=== DATASET RECORDS ===
--- START ---

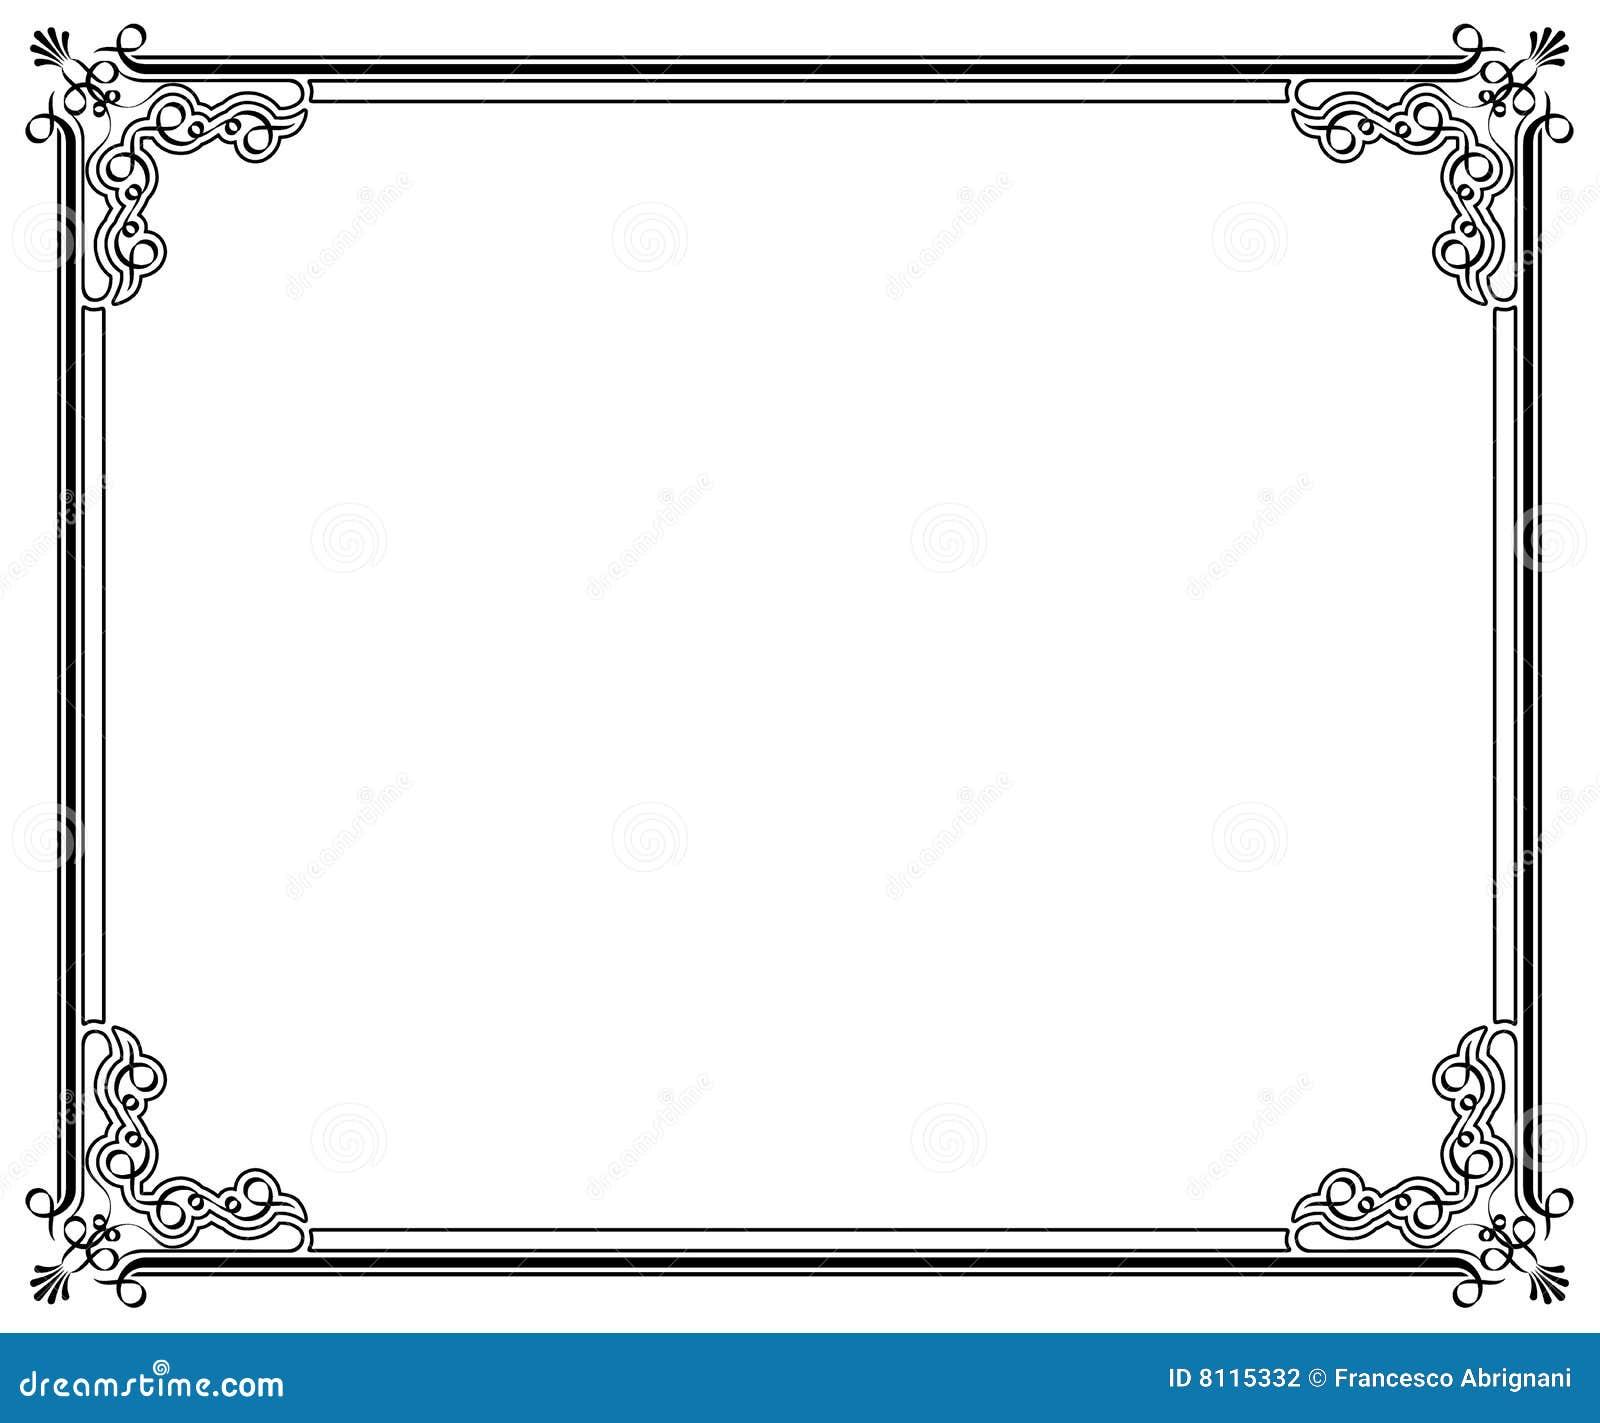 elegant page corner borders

--- END ---
--- START ---

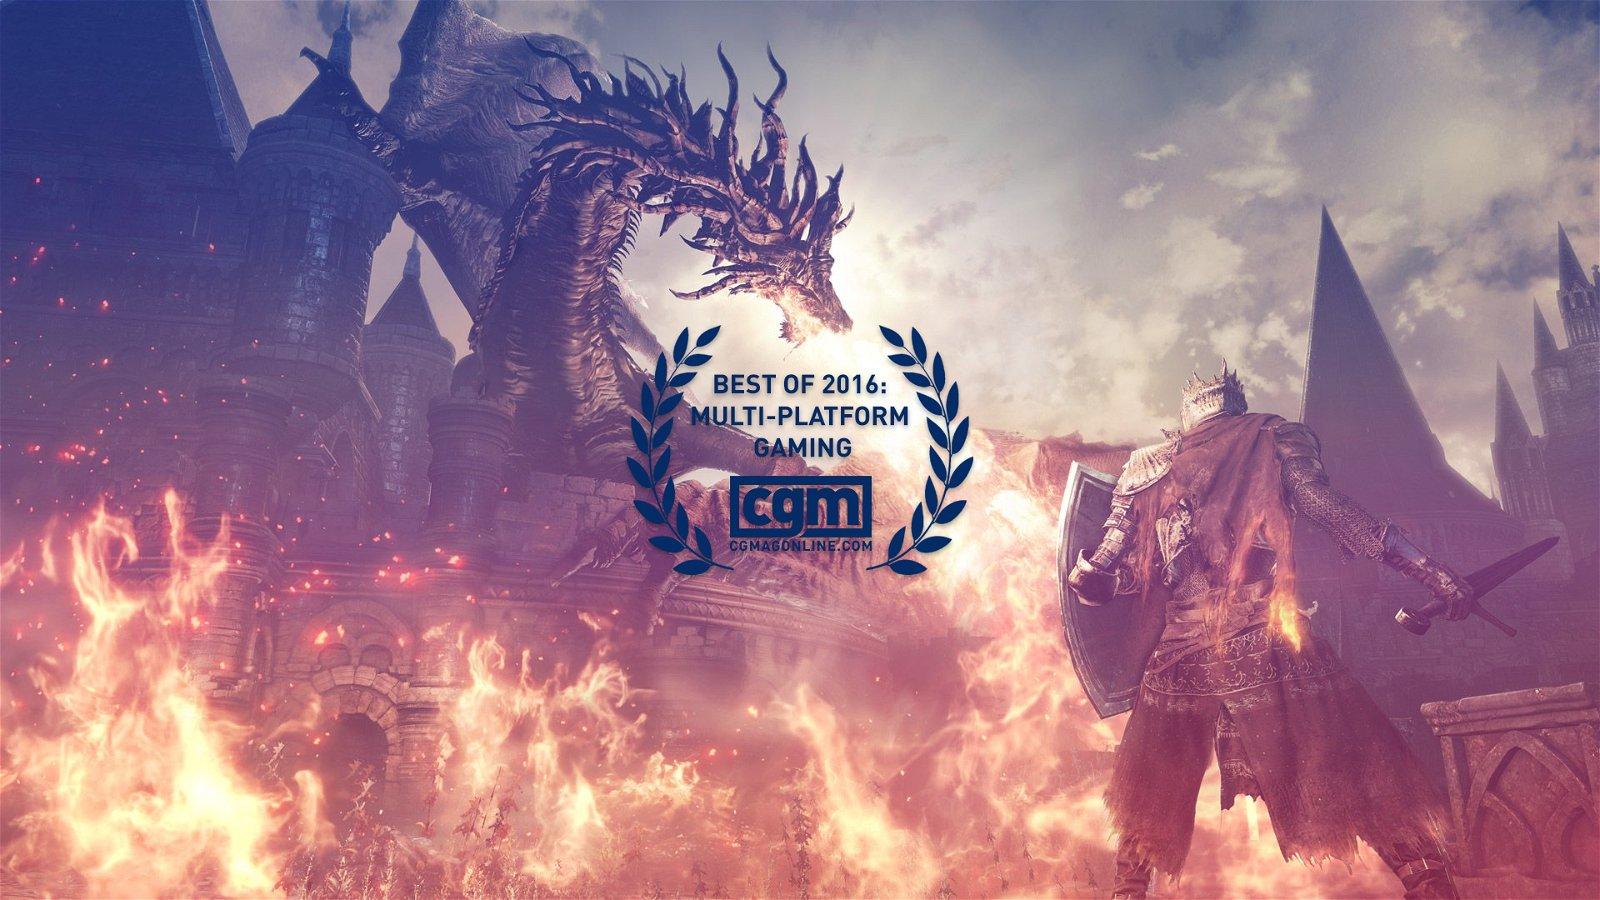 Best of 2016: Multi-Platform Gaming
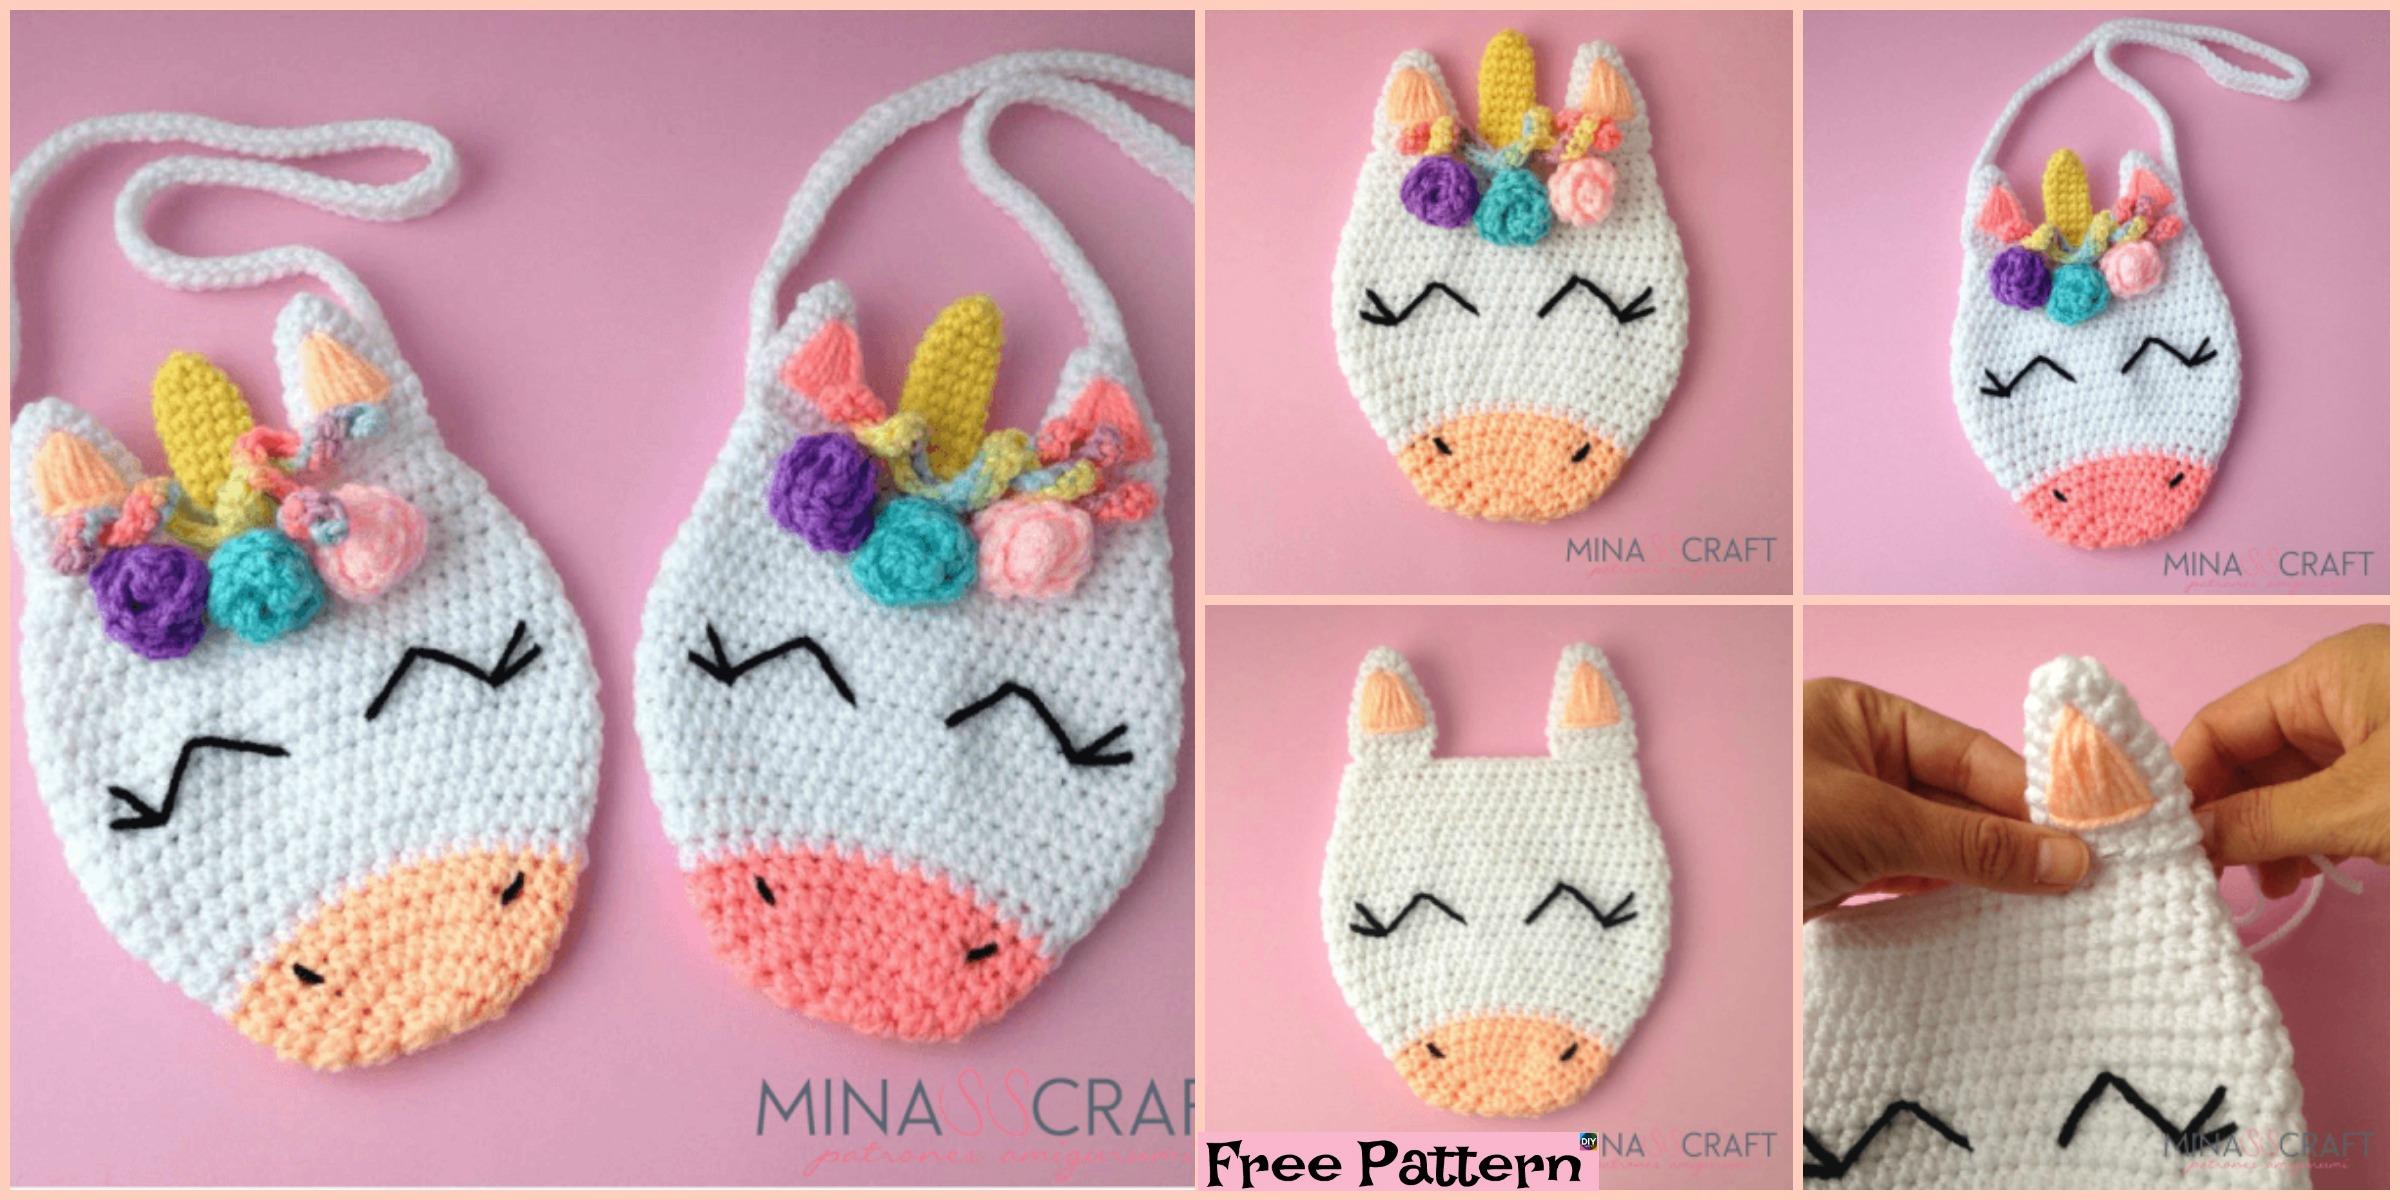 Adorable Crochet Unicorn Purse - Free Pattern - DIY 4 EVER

--- END ---

=== THE TASK ===
Your answer must be everything above from the line with "Best of 2016: Multi-Platform Gaming" down to the line with "Adorable Crochet Unicorn", word for word, and no pictures.

=== TASK OUTPUT ===
 Best of 2016: Multi-Platform Gaming
 Adorable Crochet Unicorn Purse - Free Pattern - DIY 4 EVER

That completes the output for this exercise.